第39章 [VIP]
“参见陛下!”
路贵妃站起身来, 在路吟霜的搀扶下,领着在座之人向皇帝朱祁跪拜。
姜云初混在队伍里跟着跪拜,充当沧海一粟。
“爱妃请起。”朱祁上前扶起路贵妃, 温柔的语气转为肃然, “你们都起来吧!”
言毕,他扶着路贵妃,走到正殿中央的主座上端坐, 命妇贵女们纷纷落座,垂眉噤声。
冯观眼神微动, 面上却无动于衷, 走到姜云初身旁落座。
此时,射猎会已毕,不出意料,冯观又夺了魁。皇帝赏赐优胜者, 他笑逐颜开,出列谢恩。
姜云初见他慢悠悠返回,一时之间不知作何感想。
还没来得及收回深思,忽闻路吟霜气愤填膺地向皇帝告状:“陛下, 姜云初妄议朝廷官员,大放厥词,按律当诛, 请惩罚她!”

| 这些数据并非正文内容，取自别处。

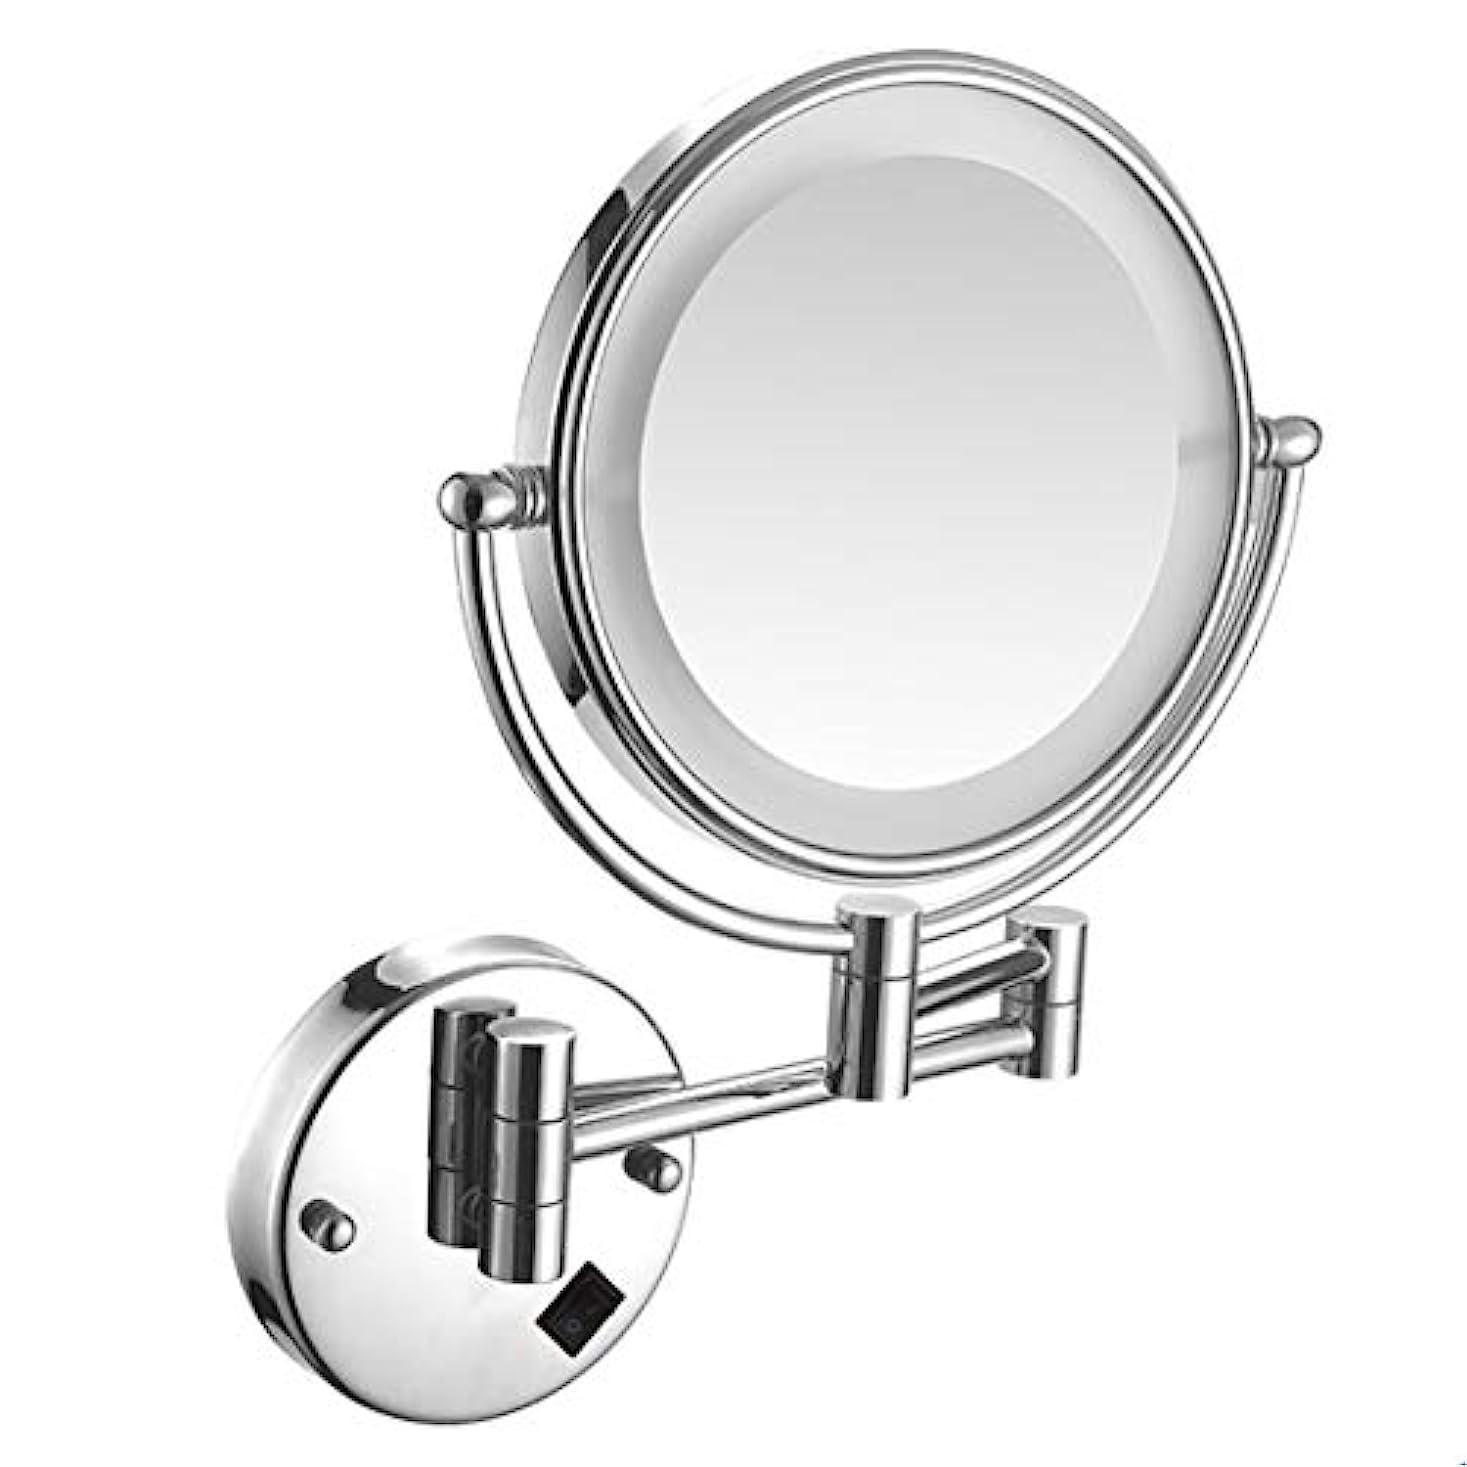 殺すストロークウォーターフロントウォールマウントLED照明付きメイクアップミラー3X拡大鏡USB充電式化粧品ミラー360°スイベル拡張可能な両面浴室用化粧鏡

她心神徒然一震, 欲开口解释, 不料方才与她争辩的几位夫人贵女纷纷出列:“陛下, 臣妇等附议。”
“……”
众口铄金, 积毁销骨。三人成虎,百口莫辩, 她只得抿嘴缄默。
皇帝目光锐利地看过来,不怒而威:“姜云初,你可知罪?”
姜云初无奈,只得雅步走到皇帝面前,下跪道:“陛下,民女知罪!”
她垂下脑袋,孱弱的双肩微微塌下,话音带出软趴趴的尾音,不安的情绪一览无遗。
冯观眼尾轻轻挑起,知晓在场有一人正仔细端详自己,深究自己对姜云初的甚是情感,遂故作不在意,优哉游哉地喝起酒来。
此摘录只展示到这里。